[Data for this exercise]

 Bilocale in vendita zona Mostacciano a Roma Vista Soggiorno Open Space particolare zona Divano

[/Data for this exercise]
[Data for this exercise]

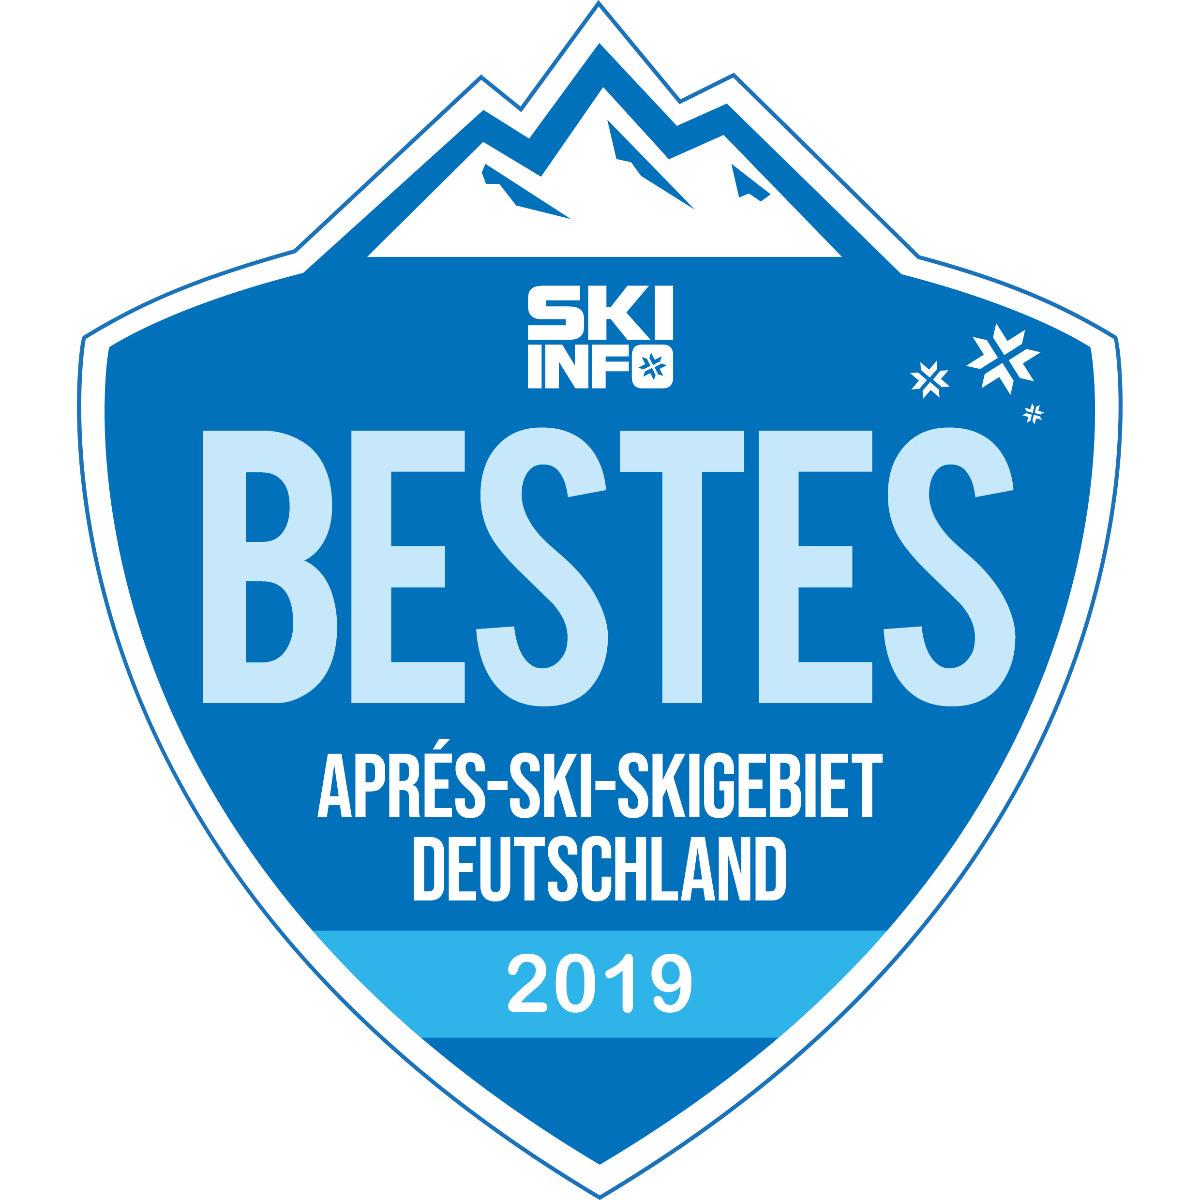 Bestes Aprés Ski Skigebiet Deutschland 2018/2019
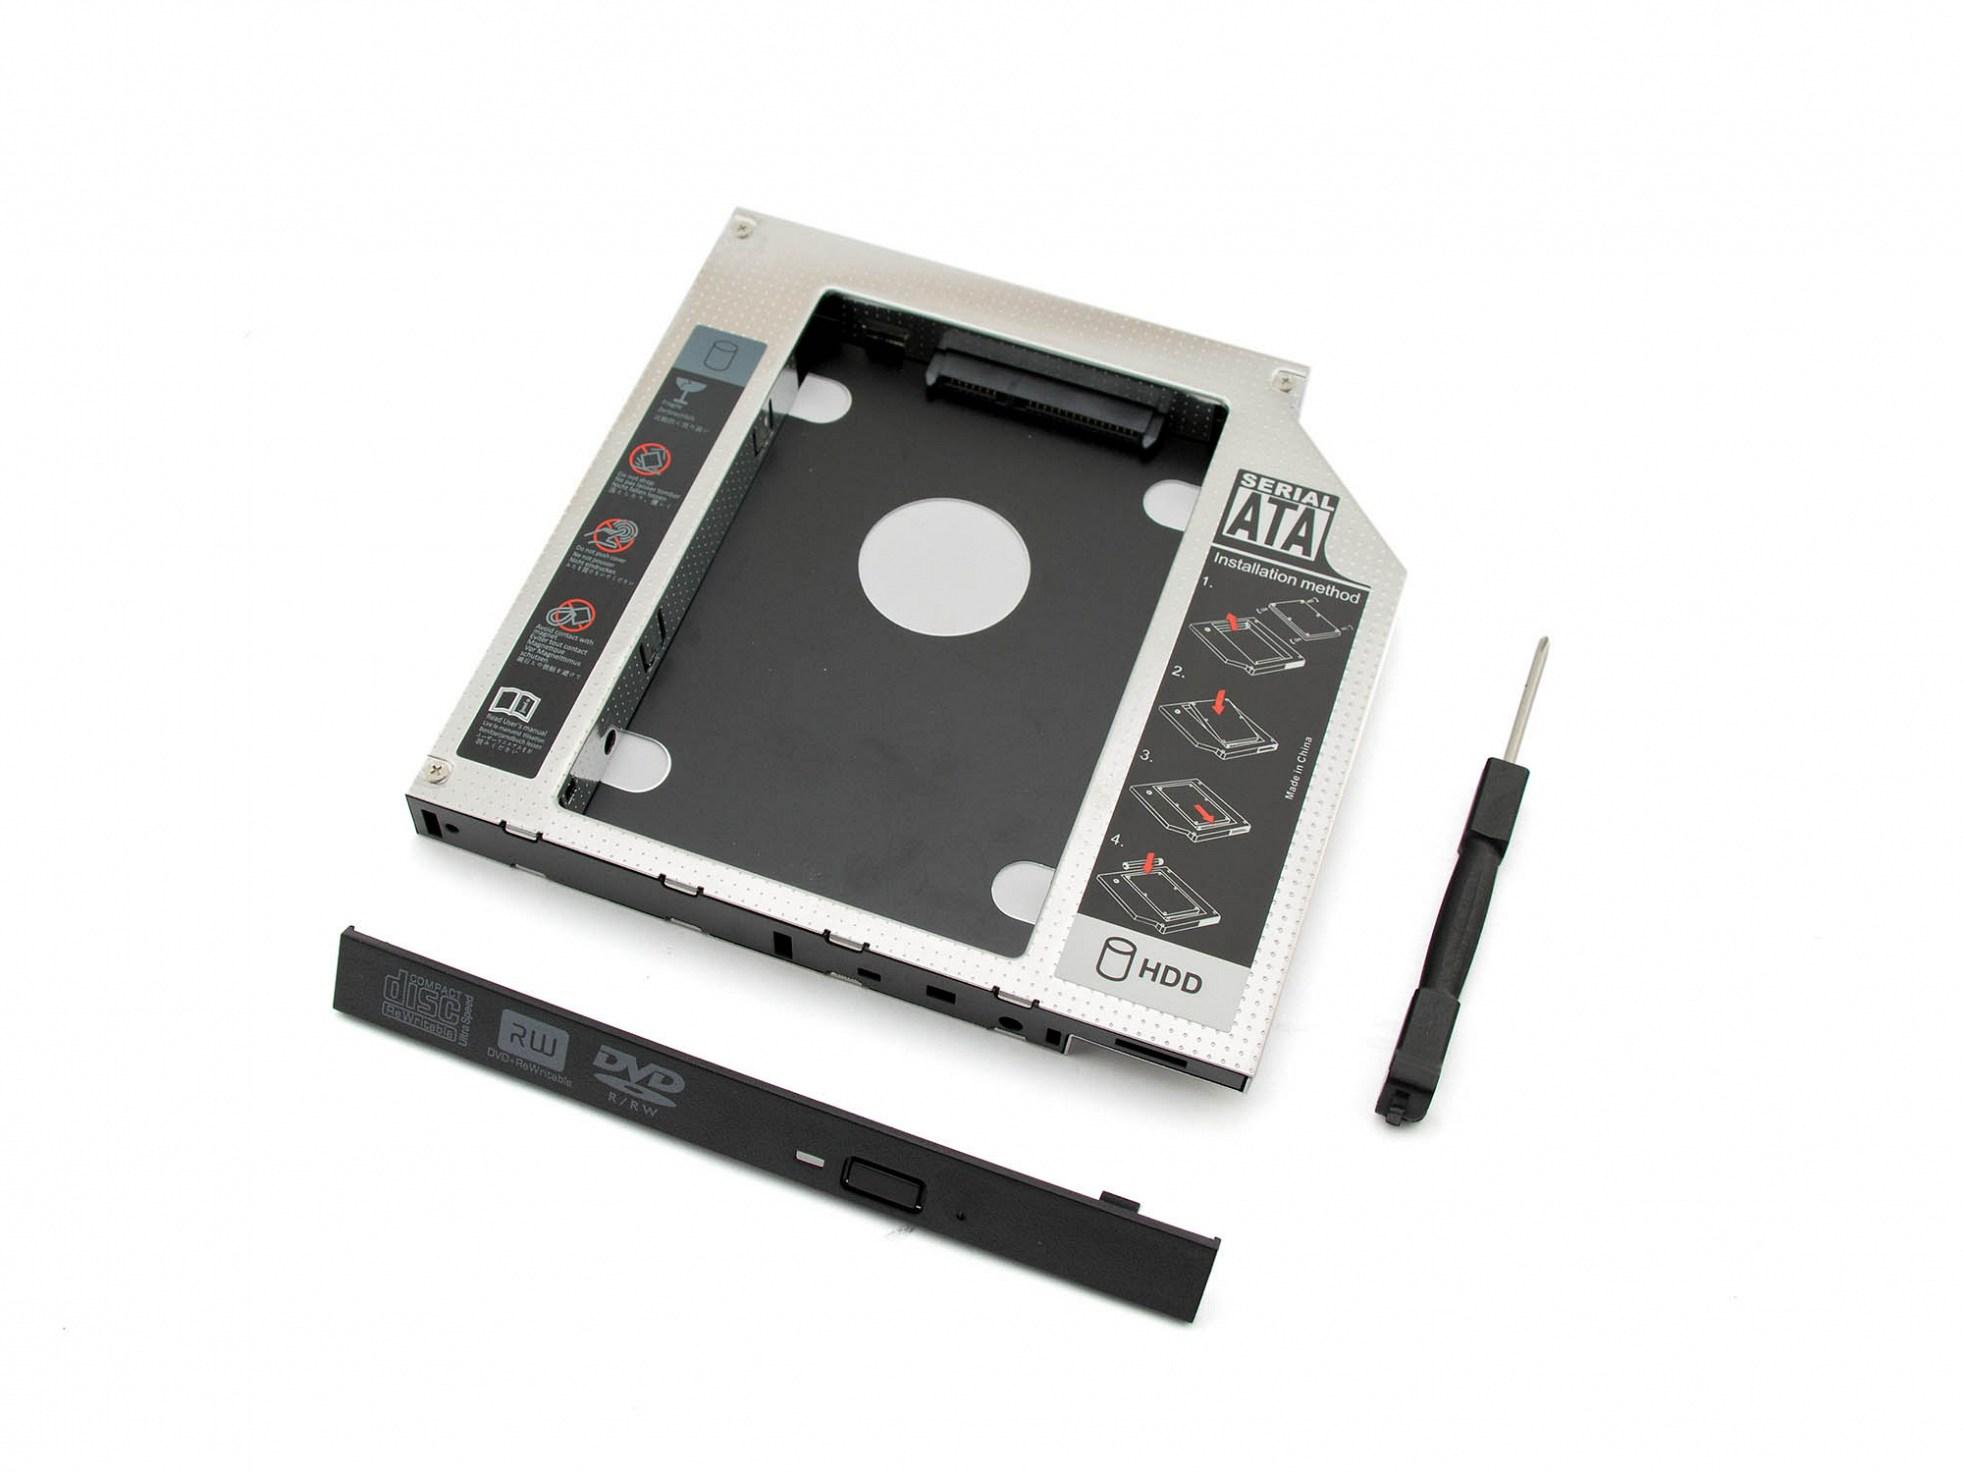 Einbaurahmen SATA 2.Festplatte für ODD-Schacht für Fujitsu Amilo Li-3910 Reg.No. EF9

[/Data for this exercise]
[Data for this exercise]

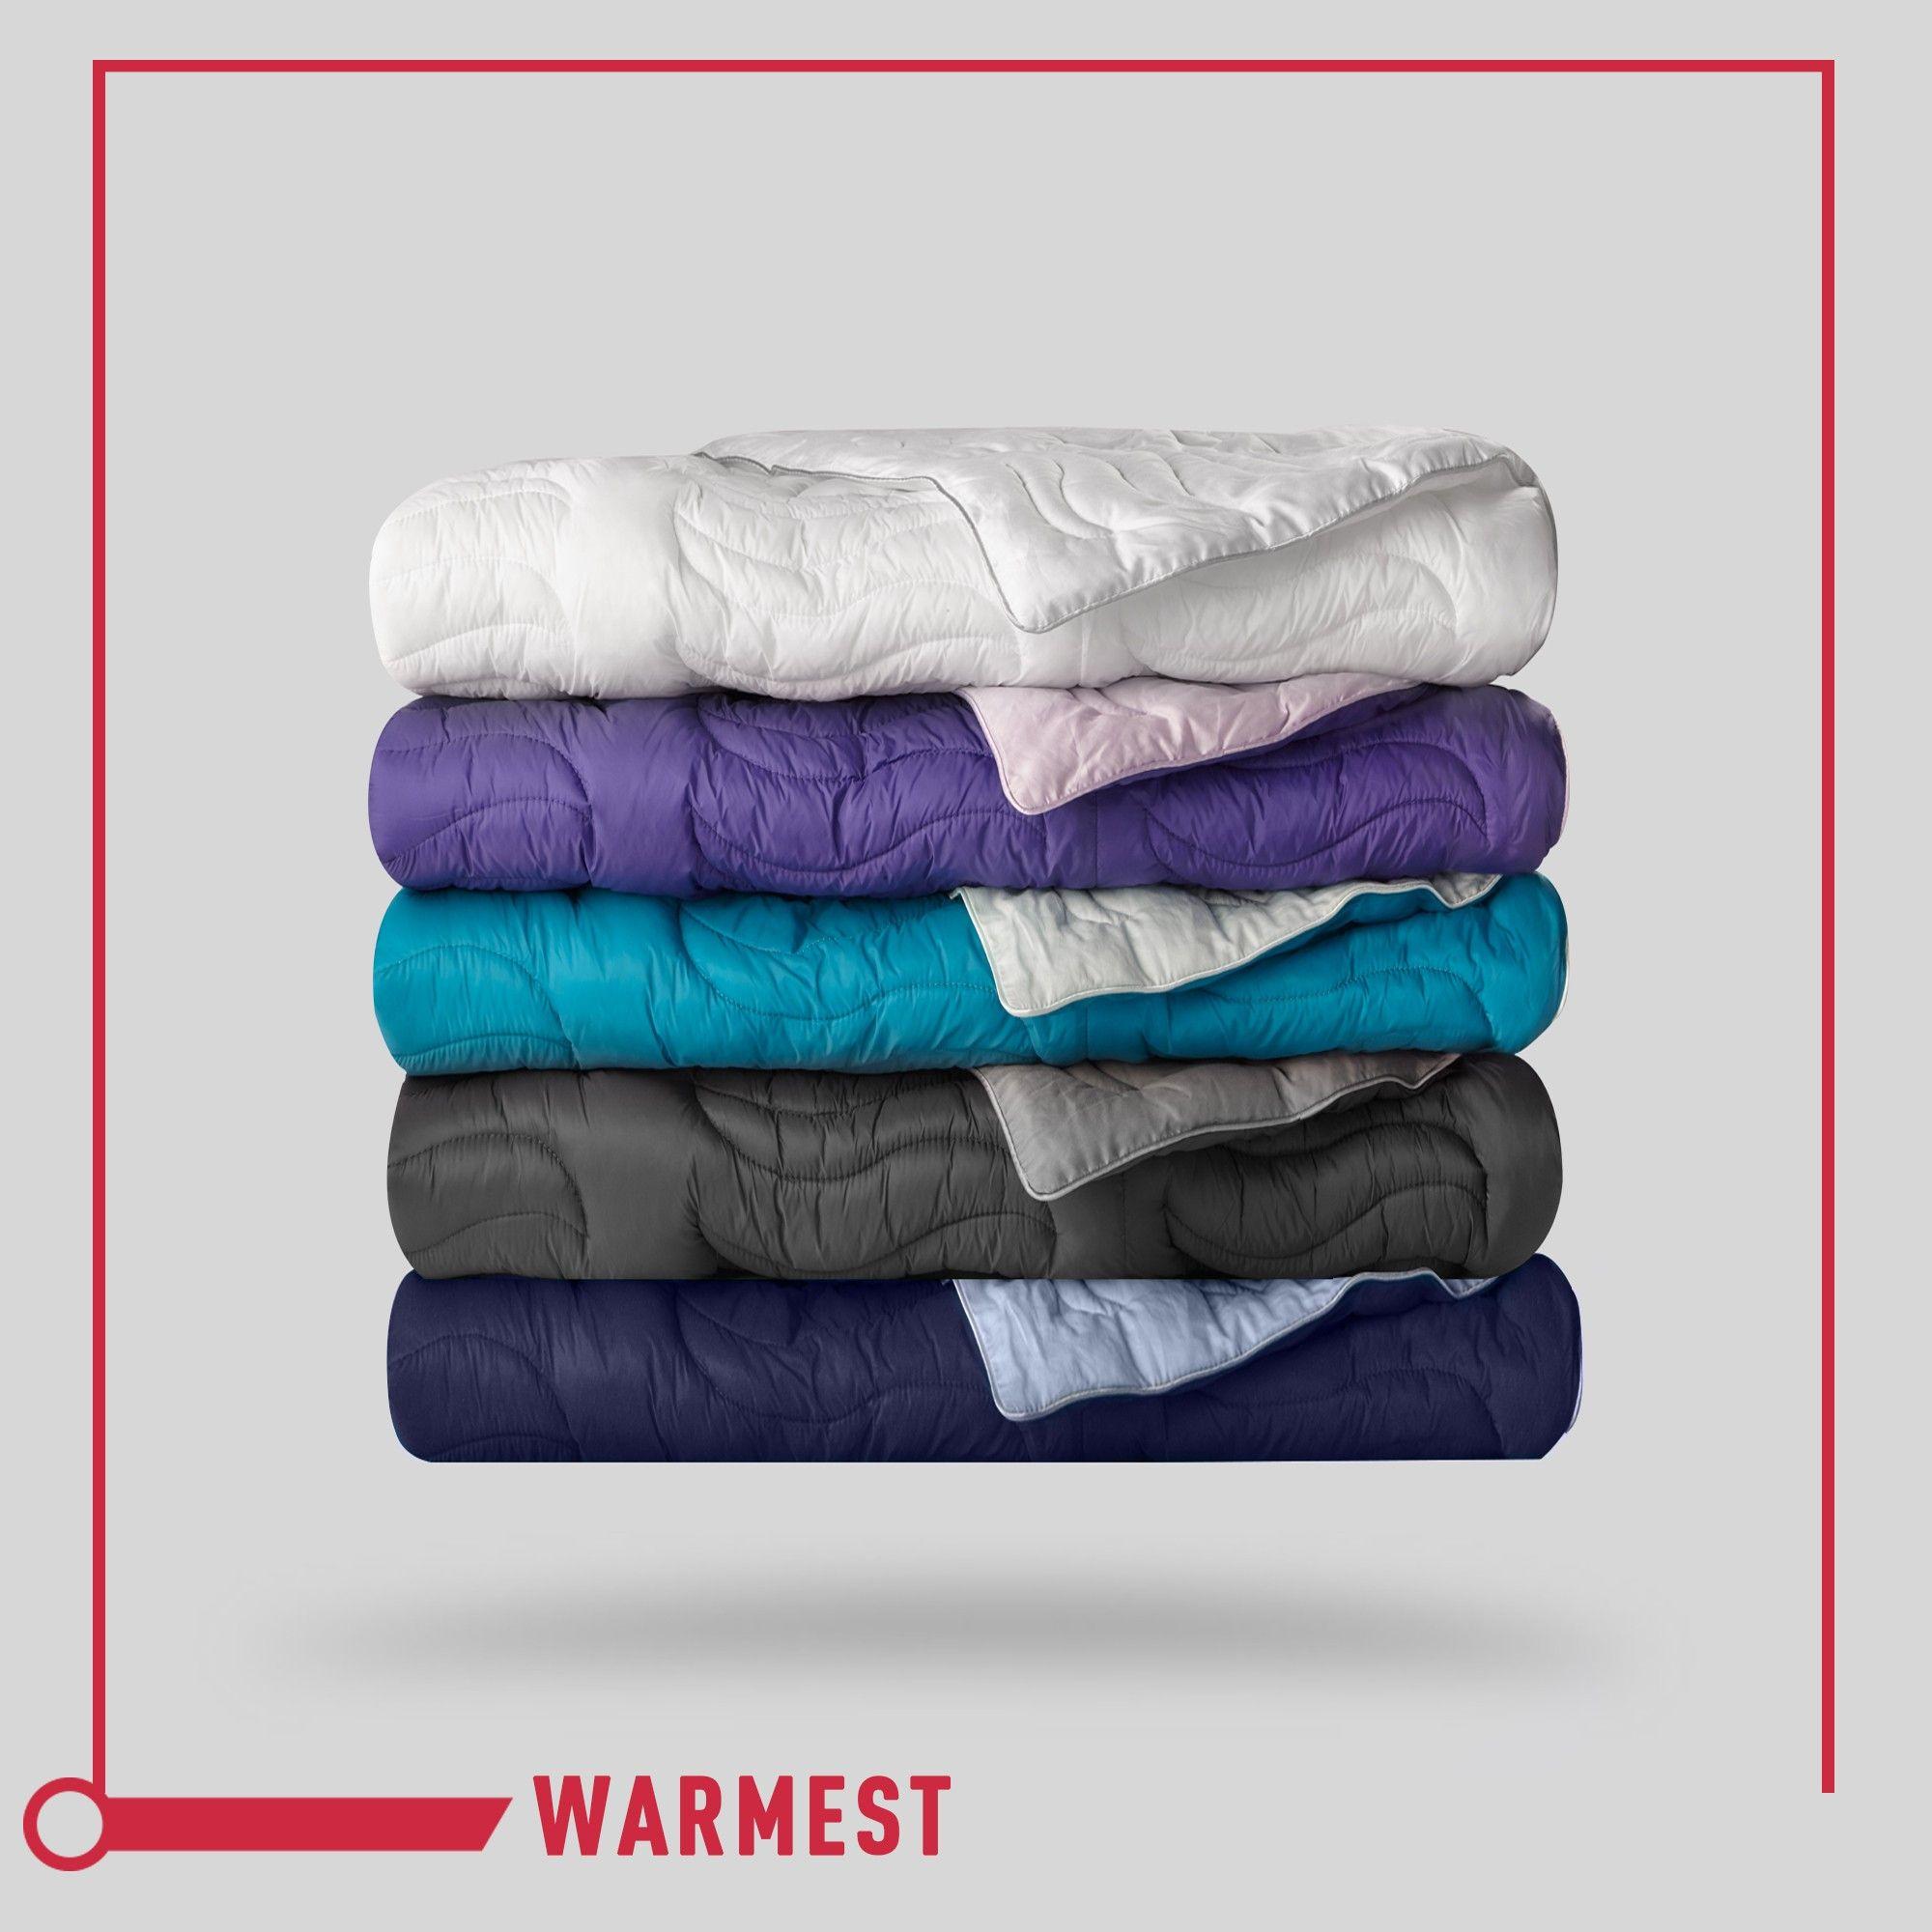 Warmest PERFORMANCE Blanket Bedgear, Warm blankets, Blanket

[/Data for this exercise]

### Exercise goal
Everything from the line with "Bestes Aprés Ski" through the line with "Einbaurahmen SATA 2.Festplatte" in the material above should be transcribed exactly, except the pictures.

### Answer section
 Bestes Aprés Ski Skigebiet Deutschland 2018/2019
 Einbaurahmen SATA 2.Festplatte für ODD-Schacht für Fujitsu Amilo Li-3910 Reg.No. EF9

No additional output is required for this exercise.